-- WORK ITEM --
In your reply, print every line of the listing exactly and omit all images.

-- DATASET EXCERPT --
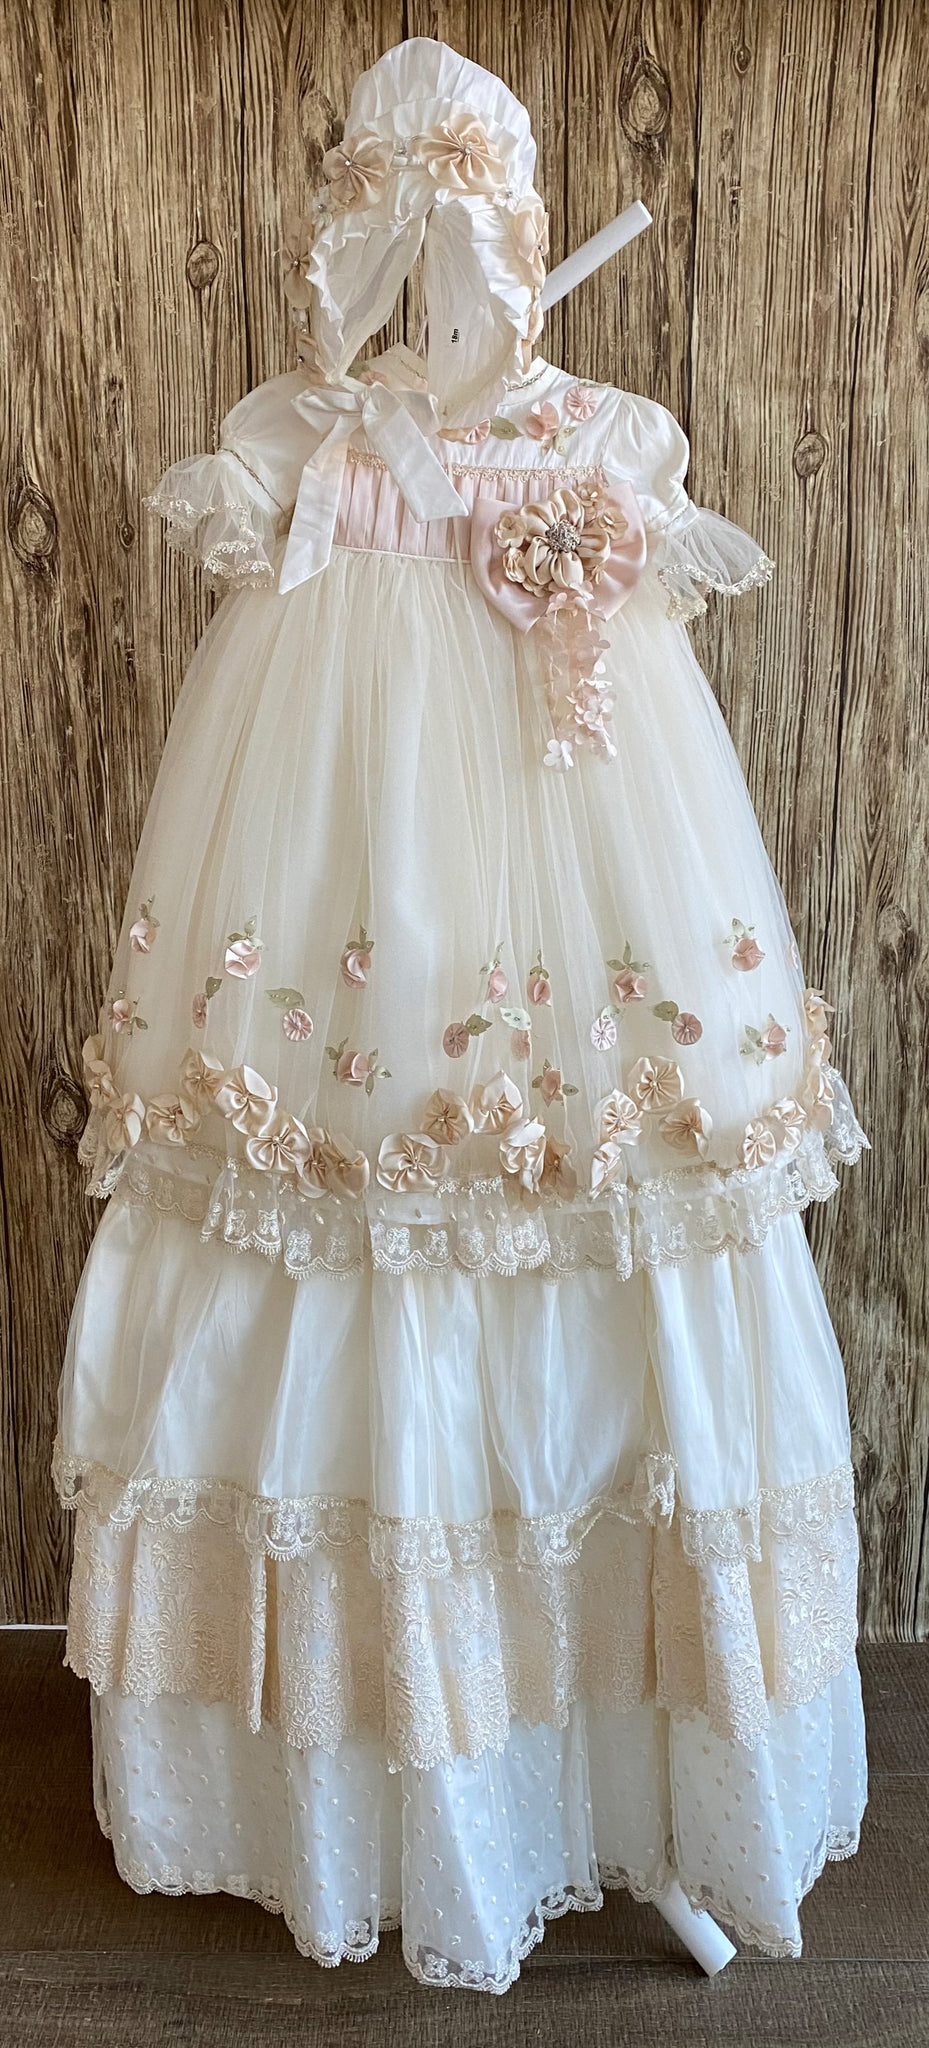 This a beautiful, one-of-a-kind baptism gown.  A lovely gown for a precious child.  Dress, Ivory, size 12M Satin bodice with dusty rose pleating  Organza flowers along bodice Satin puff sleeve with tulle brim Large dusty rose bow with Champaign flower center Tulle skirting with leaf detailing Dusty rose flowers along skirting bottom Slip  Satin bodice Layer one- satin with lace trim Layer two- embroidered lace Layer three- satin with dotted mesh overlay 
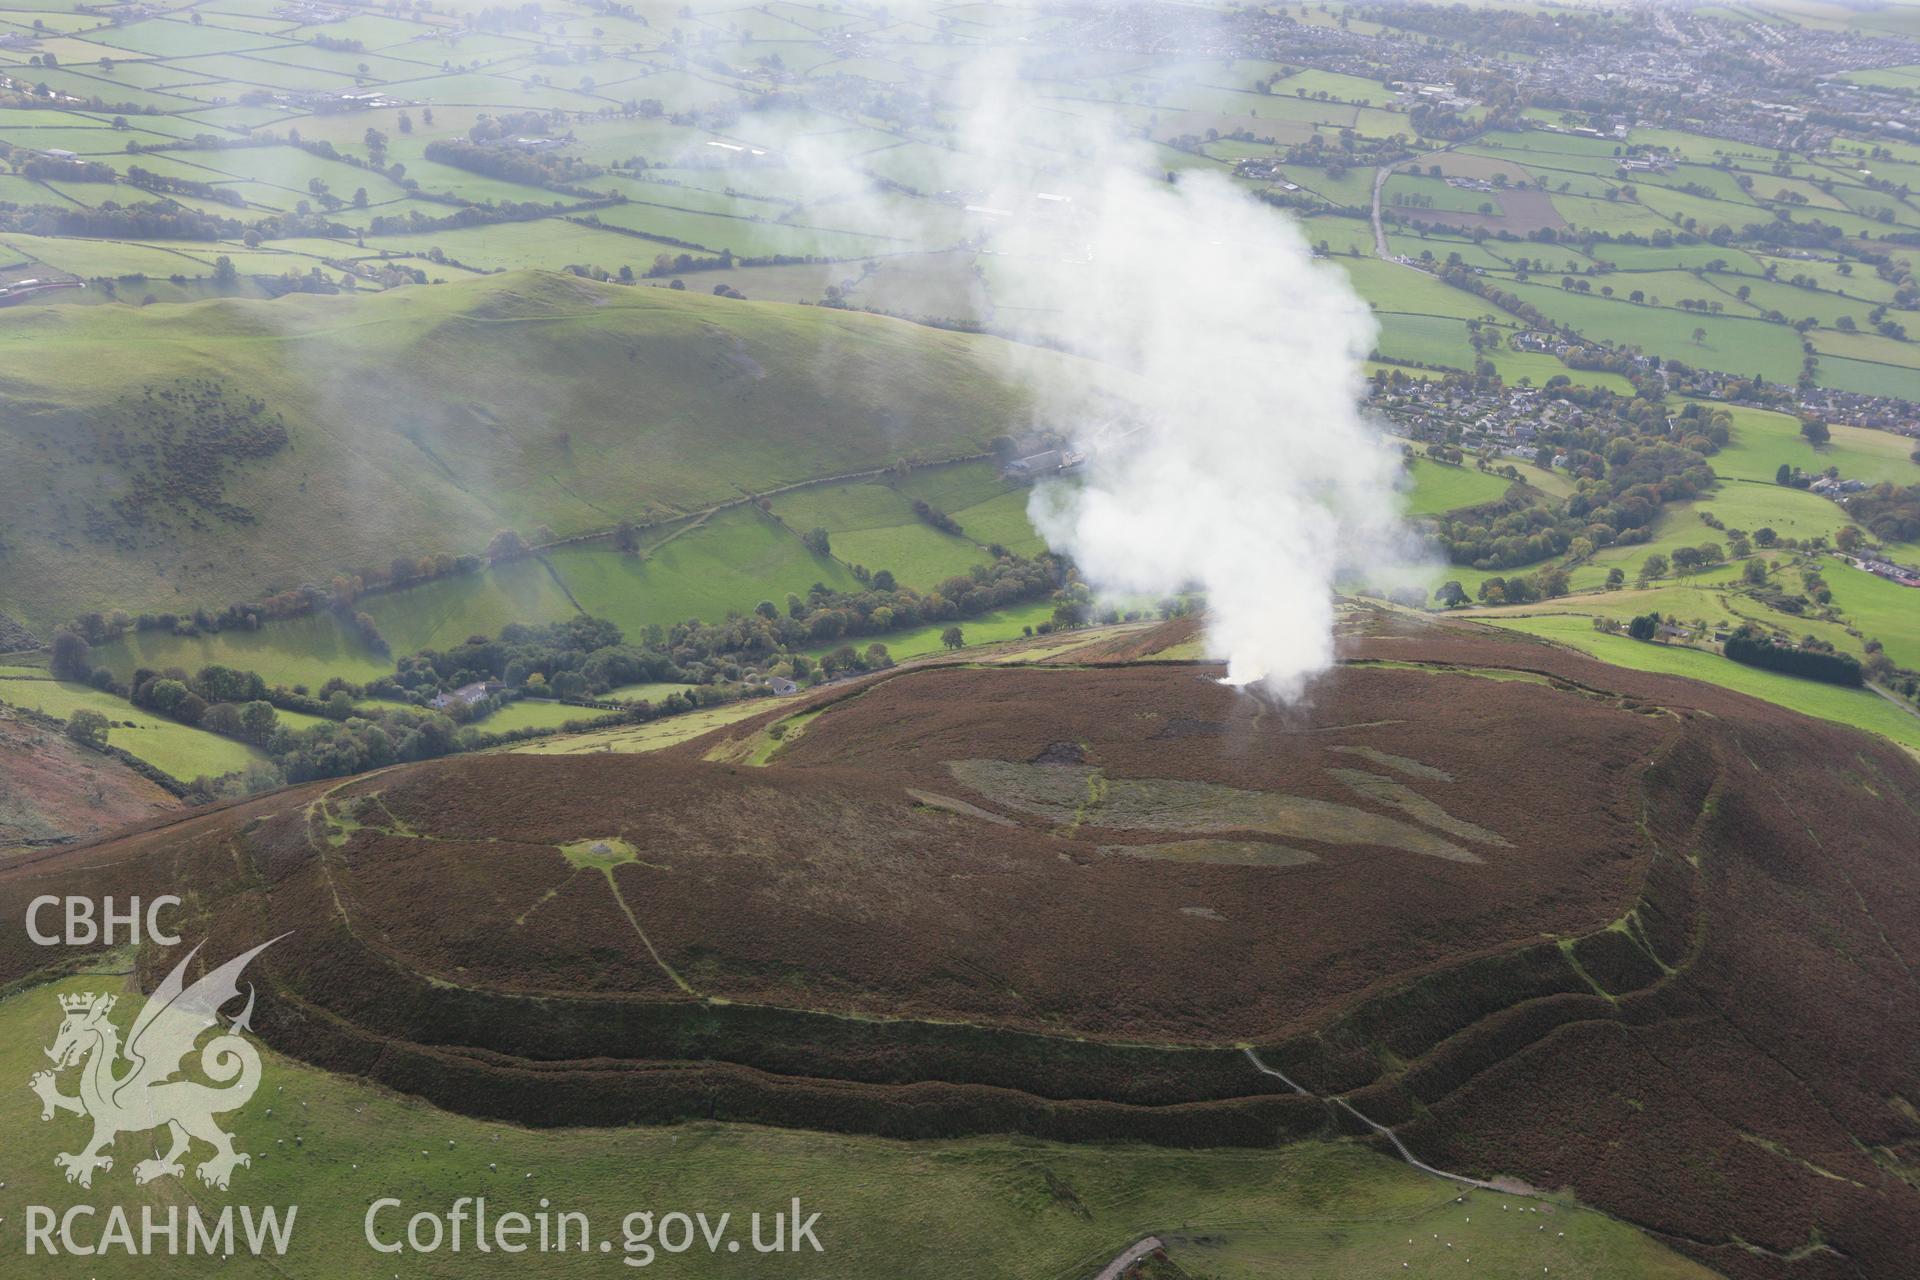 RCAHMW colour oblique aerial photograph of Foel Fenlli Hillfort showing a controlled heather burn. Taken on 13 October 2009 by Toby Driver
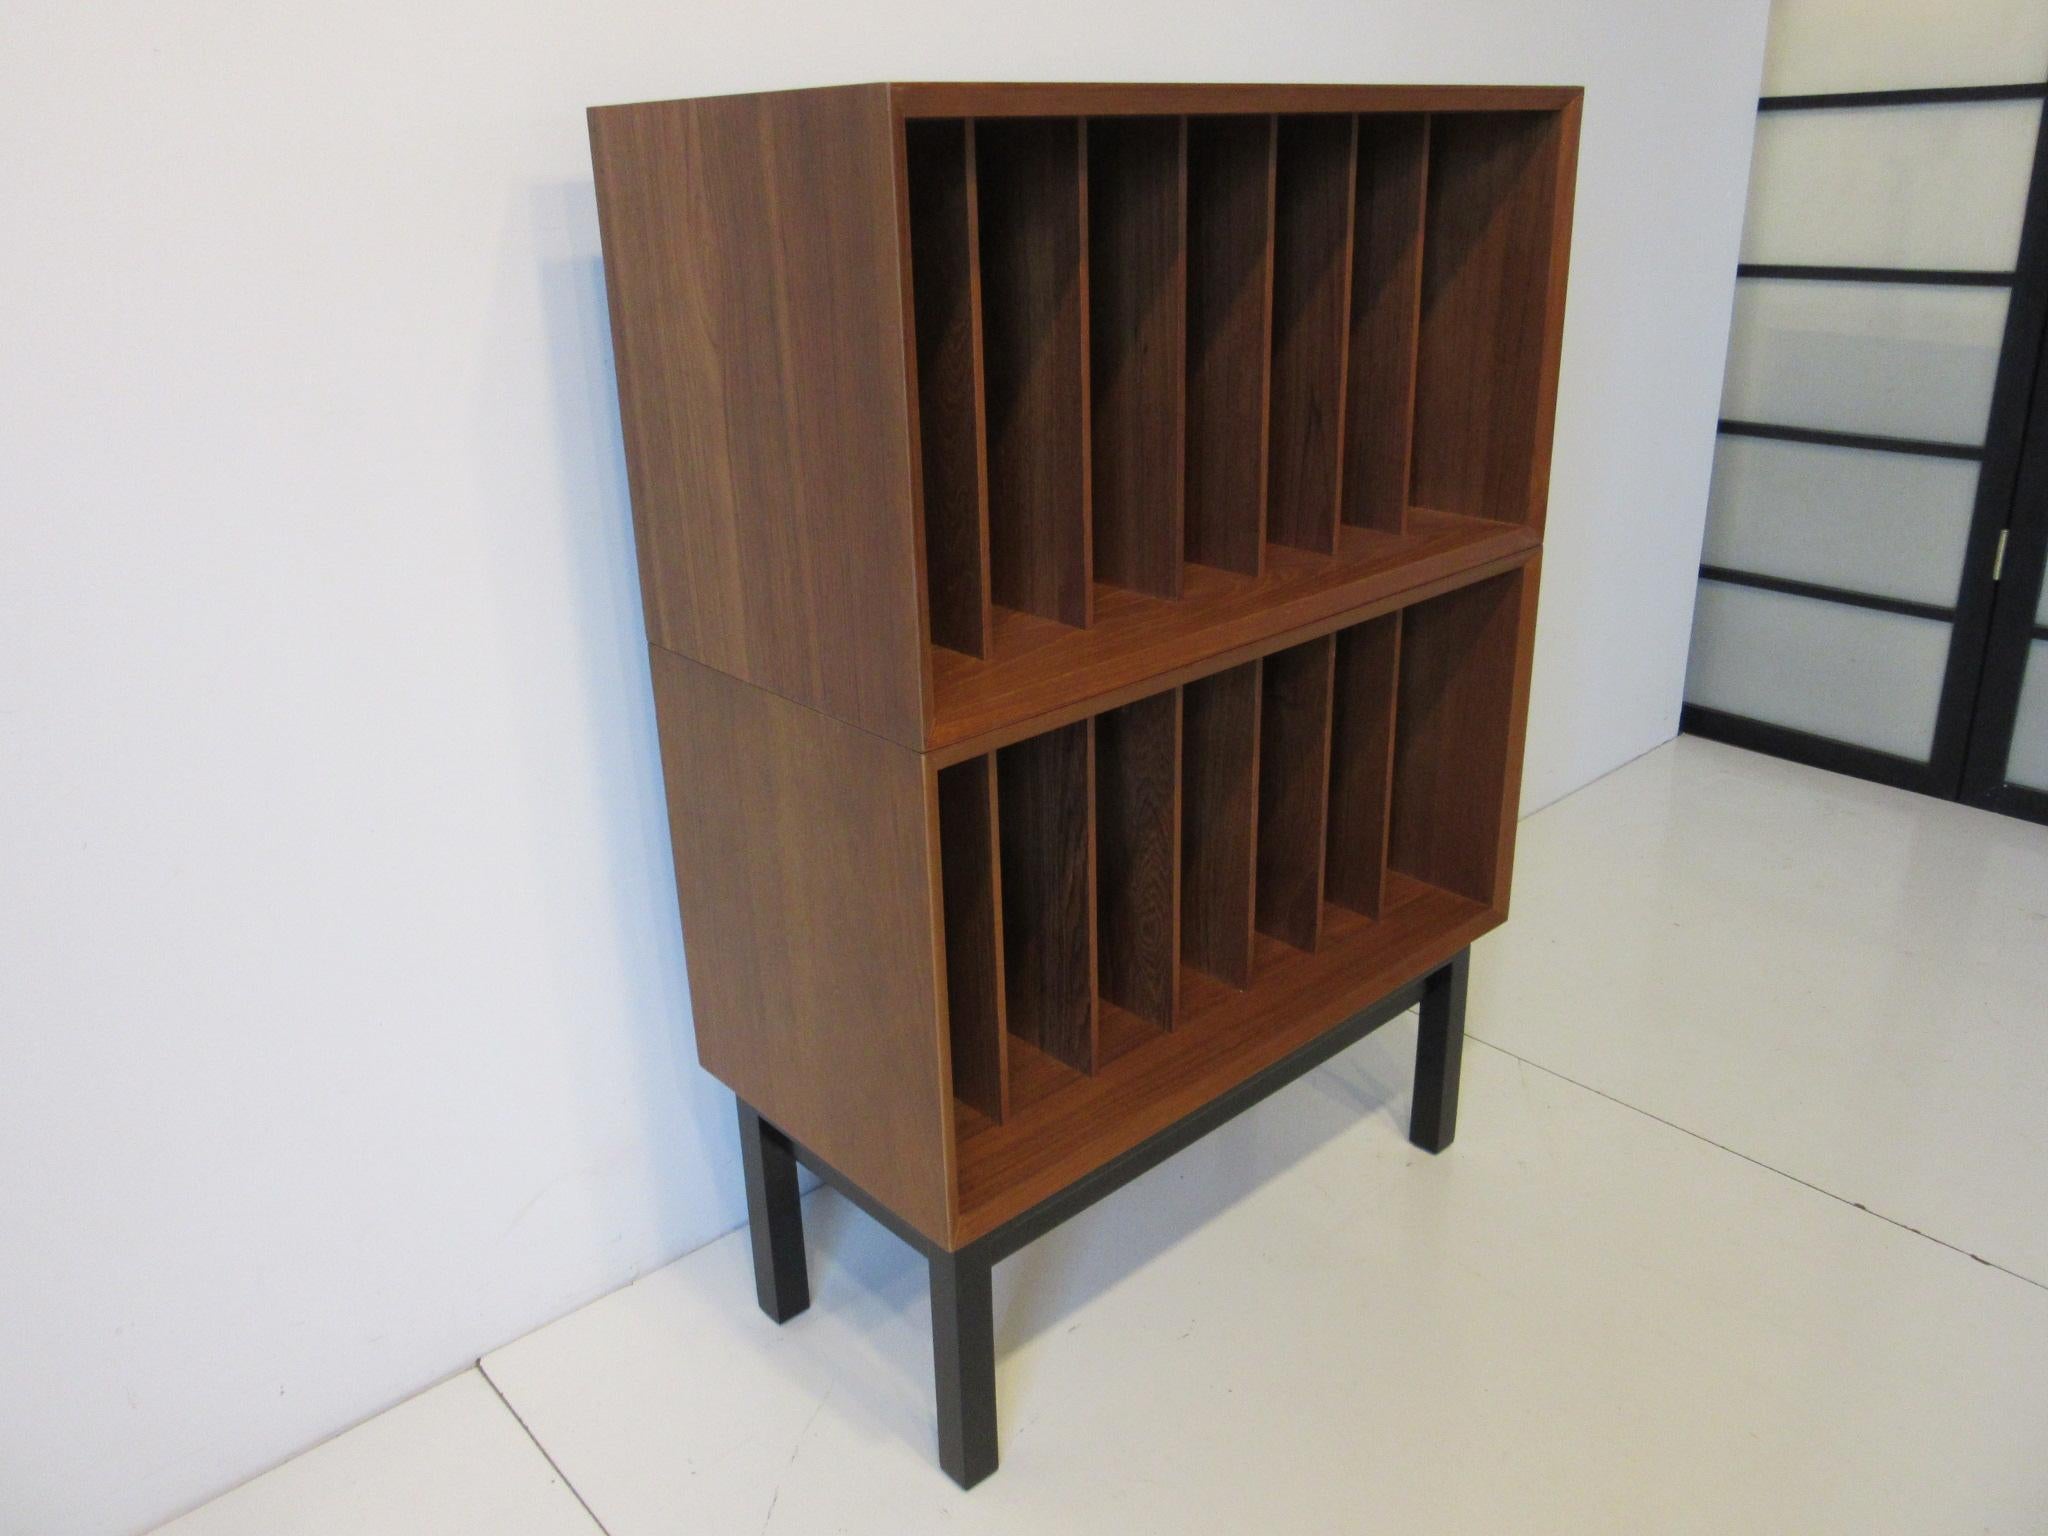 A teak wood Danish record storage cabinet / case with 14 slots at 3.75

-- PROBLEM SOLUTION --
 This a beautiful, one-of-a-kind baptism gown.  A lovely gown for a precious child.  Dress, Ivory, size 12M Satin bodice with dusty rose pleating  Organza flowers along bodice Satin puff sleeve with tulle brim Large dusty rose bow with Champaign flower center Tulle skirting with leaf detailing Dusty rose flowers along skirting bottom Slip  Satin bodice Layer one- satin with lace trim Layer two- embroidered lace Layer three- satin with dotted mesh overlay 
 RCAHMW colour oblique aerial photograph of Foel Fenlli Hillfort showing a controlled heather burn. Taken on 13 October 2009 by Toby Driver
 A teak wood Danish record storage cabinet / case with 14 slots at 3.75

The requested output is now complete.